On reproche à des institutions comme la vôtre d’être victimes du ‘red tapism’. Est-ce justifié?
Pour certaines affaires, cela prend plusieurs mois avec les échanges sur des points de droit. Sinon, c’est une moyenne maximale de six mois. Il y a même eu un cas qui a été réglé en neuf jours. Mais je combats farouchement la bureaucratie. Le PBAT ne pratique pas une justice cuit vidé mais tient compte de tous les paramètres avant de trancher, même si cela prend plus de temps. On applique la justice naturelle.

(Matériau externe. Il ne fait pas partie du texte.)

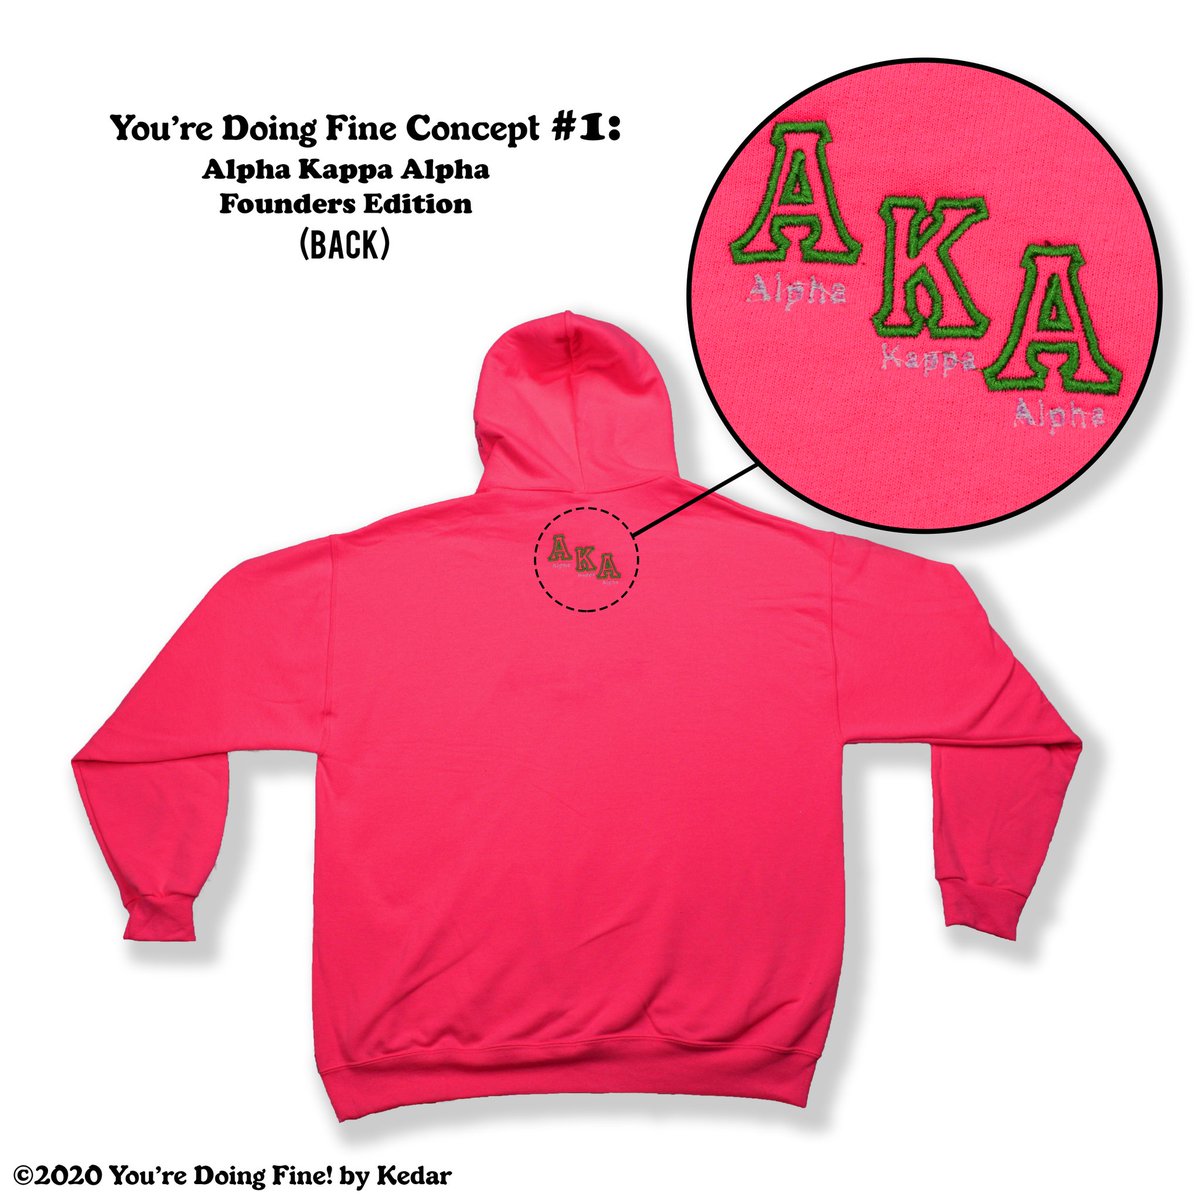 I decided to make this concept you're doing fine hoodie for fun. I wanted to see what everyone may have thought about it. I would make more if the demand calls for it but for now only one exists. 

#J15 #AKA1908 #alphakappaalpha #skeewee #akaforever #FoundersDay #J15iscoming

Est-il arrivé qu’il y ait désaccord total entre vous et vos deux assesseurs ?
Ce n’est jamais arrivé. Mais on peut donner un jugement à deux et le troisième donne un jugement différent.

Est-il possible que la Cour suprême renvoie un jugement du PBAT pour être de nouveau revu et entendu ?
Quelques fois, la Cour suprême renvoie l’affaire, comme celle de Wan Chow Ming qui a été rendue avant mon arrivée et qui dit que le PBAT ne peut donner un jugement sans entendre les appointees. Depuis, on appelle tous ceux qui ont été nommés et on leur donne le droit de s’exprimer.

Certains cas déposés devant le PBAT sont-ils frivoles ?
Il arrive qu’effectivement il y ait des cas qui, au départ, ne tiennent pas la route. Mais le plus souvent on donne la possibilité à ceux ayant fait appel de se faire entendre, même si notre rôle n’est pas de consoler.